PARIS, iNewsTasikmalaya.id – Warga di kota ini bebas telanjang ke mana pun pergi. Baik ke mal, salon, saat berjemur di pantai, dan tempat lainnya. Tak hanya itu, di kota ini warga bebas bertukar pasangan tanpa ikatan sah pernikahan.
Kota berjuluk “kota bebas telanjang terbesar” di dunia ini bernama Cap d’Agde yang berlokasi di pesisir pantai Prancis.

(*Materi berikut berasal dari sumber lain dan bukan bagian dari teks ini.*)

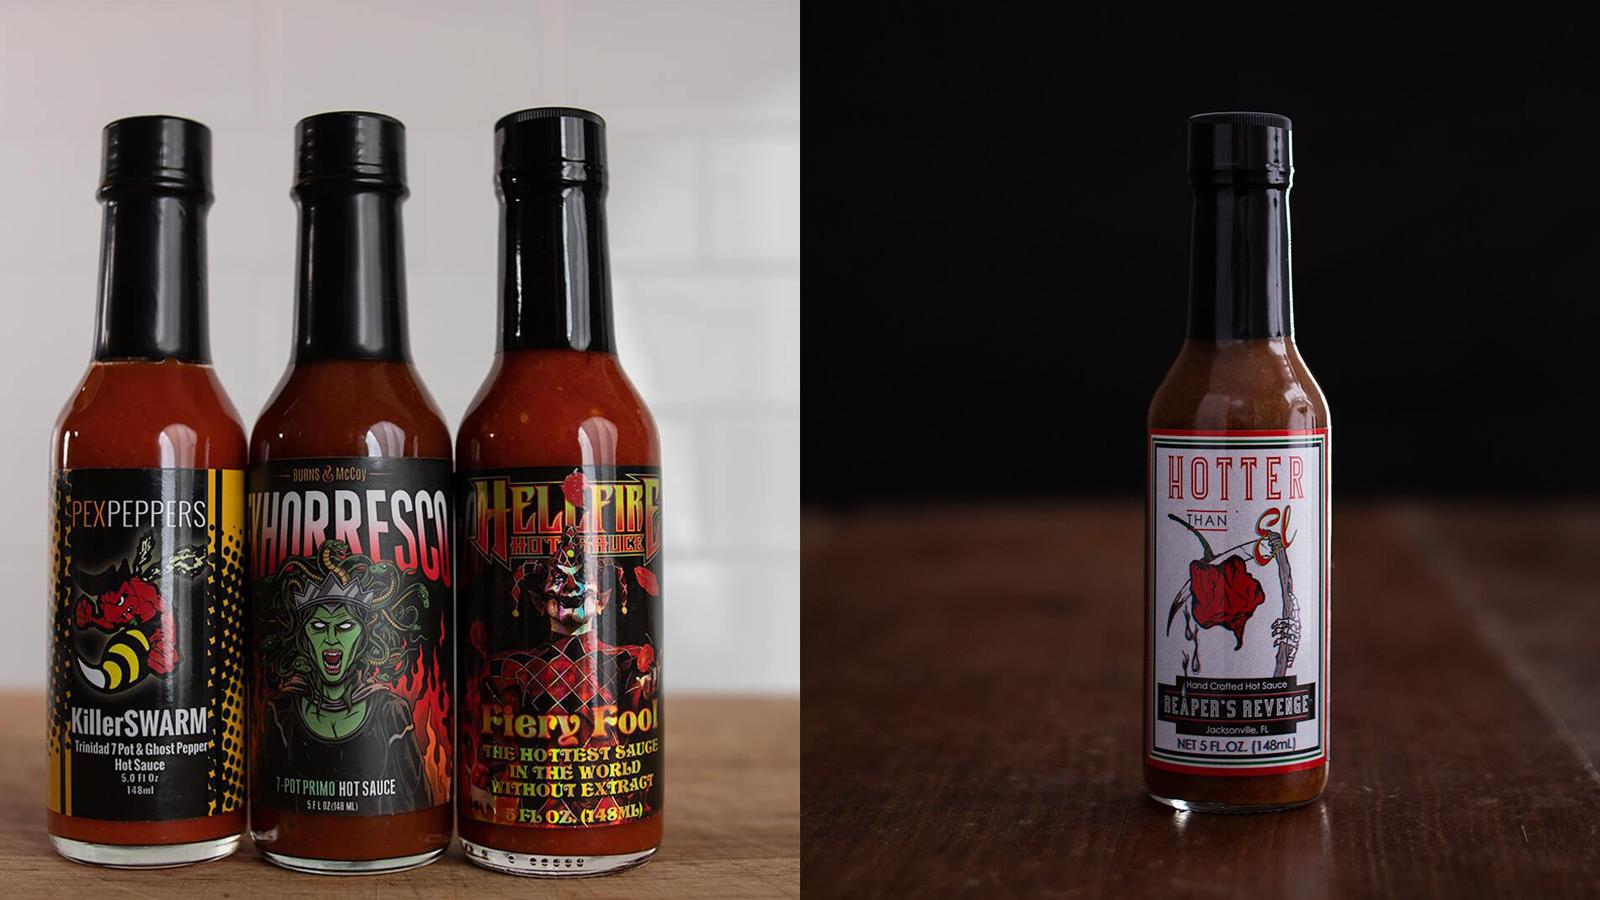 Doc Hotties hot sauce bottles from past orders

Kota Cap d’Agde memiliki garis pantai sepanjang 2 kilometer. Di kota ini banyak berbagai fasilitas wisata. Mulai dari toko pakaian, sauna, tempat nongkrong, hingga kelab malam dewasa.
Cap d'Agde sudah ada sejak 1958. Awalnya kota ini hanya sebagai kawasan kemah bagi kaum nudis (kaum telanjang). Tapi pada pada 1970-an, mereka mengubahnya menjadi kota telanjang.
Untuk dapat masuk kawasan ini, wisatawan harus merogoh kocek sebesar 6 Euro atau sekitar Rp102 ribu. Biasanya, dalam sehari, sekitar 50 ribu wisatawan berkunjung ke Cap d'Agde.
Wisatawan yang kedapatan berpakaian pada siang hari di Cap d'Agde akan didenda 15.000 Euro atau Rp256 juta. Namun, pada malam hari, wisatawan boleh berpakaian karena cuaca yang dingin.
Aturan wajib telanjang pada siang hari itu kini mulai dilonggarkan untuk menarik lebih banyak wisatawan. Namun, lantaran kebijakan itu, kaum nudis di Cap d'Agde mengaku risih karena wisatawan melihat mereka telanjang dengan tatapan aneh.
Di pusat resor ini pernah menjadi tempat taman keluarga dan kolam renang. Namun, pada 2005 dirobohkan dan diganti menjadi bar dan kelab malam. Alih-alih menjadi kawasan kaum telanjang, belakangan lokasi ini lebih banyak dikunjungi oleh mereka yang gila seks.
Cap d'Agde pun akhirnya dikenal menjadi ibu kota seks karena muncul klub pertukaran pasangan, hotel cabul, dan sebagainya. Wisatawan yang gila seks bisa datang ke kelab malam di sini untuk pesta telanjang.
Mereka juga bisa berenang telanjang di kolam renang hotel hingga larut malam. Kawasan ini juga pernah diserang dan dibakar pada 2009. Pelaku diduga merupakan kaum naturis (kaum yang ingin lebih dekat dengan alam dengan telanjang) yang tidak suka dengan kehadiran para penggila seks.
Kini, wisata di kawasan ini hancur akibat pandemi Covid. Hampir 100 wisawatan dinyatakan positif. Pada Agustus 2021 lalu, dua karyawan juga dinyatakan positif Covid seusai pesta cabul.
Dilansir dari Mirror, selama pandemi Covid-19, banyak wisatawan yang tak patuh peraturan. Di antaranya penggunaan masker dan jaga jarak sosial. Pembatasan yang diberlakukan juga semakin memperparah kondisi wisata di kawasan ini.
Seorang pelaku bisnis di sini mengaku memiliki 800 karyawan. Sebanyak 300 orang di antaranya terpaksa diberhentikan.
"Saya telah kehilangan 80 persen bisnis. Sekarang banyak orang tidak berminat untuk bersenang-senang," katanya.